У тяжелых портьер, за которыми располагался вход в бальный зал, стоял главный гофмейстер, и когда я сказал, что хотя никто меня не приглашал, я хорошо известен богам Пеганы Мунгу, Сишу и Кибу{46} (знаки которых я тут же начертал в воздухе), он выказал мне всяческое почтение и попросил быть гостем Сингани. Видя это, я спросил, вполне ли мой костюм соответствует важности момента, и гофмейстер поклялся копьем, пронзившим того, кто разрушил Педондарис, что великий Сингани посчитал бы позором, если бы столь хорошо известный богам незнакомец появился в бальном зале одетым неподобающим образом; и, сказав так, он повел меня в ближайшие покои и, достав из дубового, рассохшегося от старости матросского сундучка, позеленевшие медные застежки которого были украшены бледными сапфирами, разноцветные одеяния из драгоценного шелка, предложил мне выбрать подходящий наряд. И я взял бледно-зеленый камзол и светло-голубую рубашку, а также светло-голубую перевязь в тон. На плечи я накинул темно-пурпурный плащ, вдоль краев которого бежали две тонкие синие полоски, а промежуток между ними был усажен крупными темными сапфирами. И это был самый скромный наряд, который гофмейстер позволил бы мне надеть, ибо, как он сказал, даже незнакомцам не позволено пренебрегать беспримерной щедростью и гостеприимством Сингани, которые он оказывал в этот вечер всем без исключения.
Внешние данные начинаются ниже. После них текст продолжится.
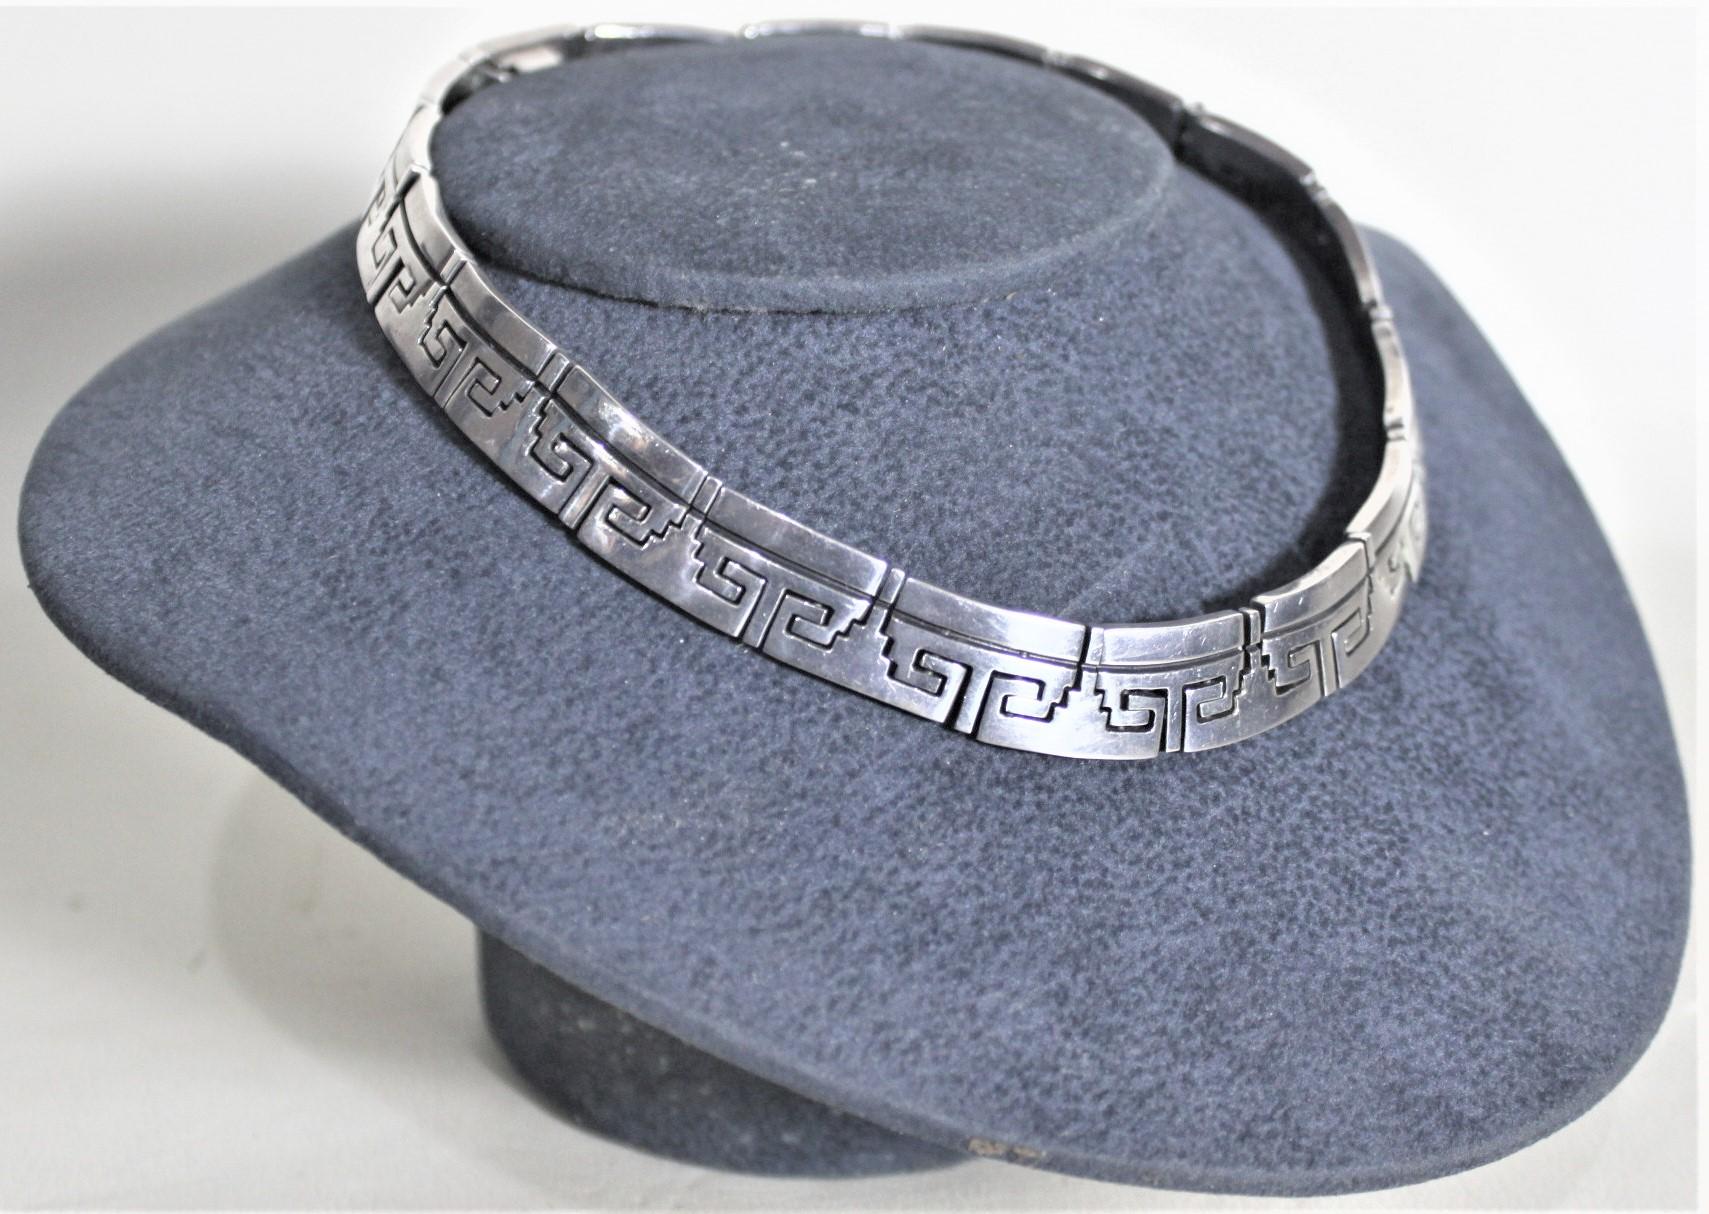 Diese klobige Sterling Silber Damen Halskette wurde in Mexiko in etwa 1970 in einem Mid-Century Modern Stil gemacht. Die dicken Glieder aus Sterlingsilber sind geometrisch in stilisierter Aztekenmanier geformt und haben einige einfache

Как только я оделся, мы отправились в бальный зал, и первым что бросилось мне в глаза в этом высоком, сверкающем зале, была возвышавшаяся над танцующими огромная фигура Сингани (головы большинства мужчин едва доставали ему до пояса). Его могучие руки были обнажены, а в руках он держал свое страшное копье, отомстившее за Педондарис. Гофмейстер подвел меня к Сингани, и я поклонился охотнику до земли и сказал, что благодарю богов, к которым он обращался за помощью в своем опасном предприятии, а Сингани ответил, что и о моих богах он слышал много хорошего от тех, кто привык им поклоняться, но это было сказано только из вежливости, ибо ему неоткуда было знать, о каких именно богах идет речь.
Одет Сингани был просто; лишь голову его украшала расшитая золотом и завязанная бантом на затылке алая шелковая лента, не дававшая волосам упасть на лоб, но все придворные дамы носили роскошные золотые короны, и я не знал, были ли они увенчаны ими как королевы сердца Сингани, или настоящие царицы из далеких земель собрались сегодня во дворце, привлеченные славой великого героя.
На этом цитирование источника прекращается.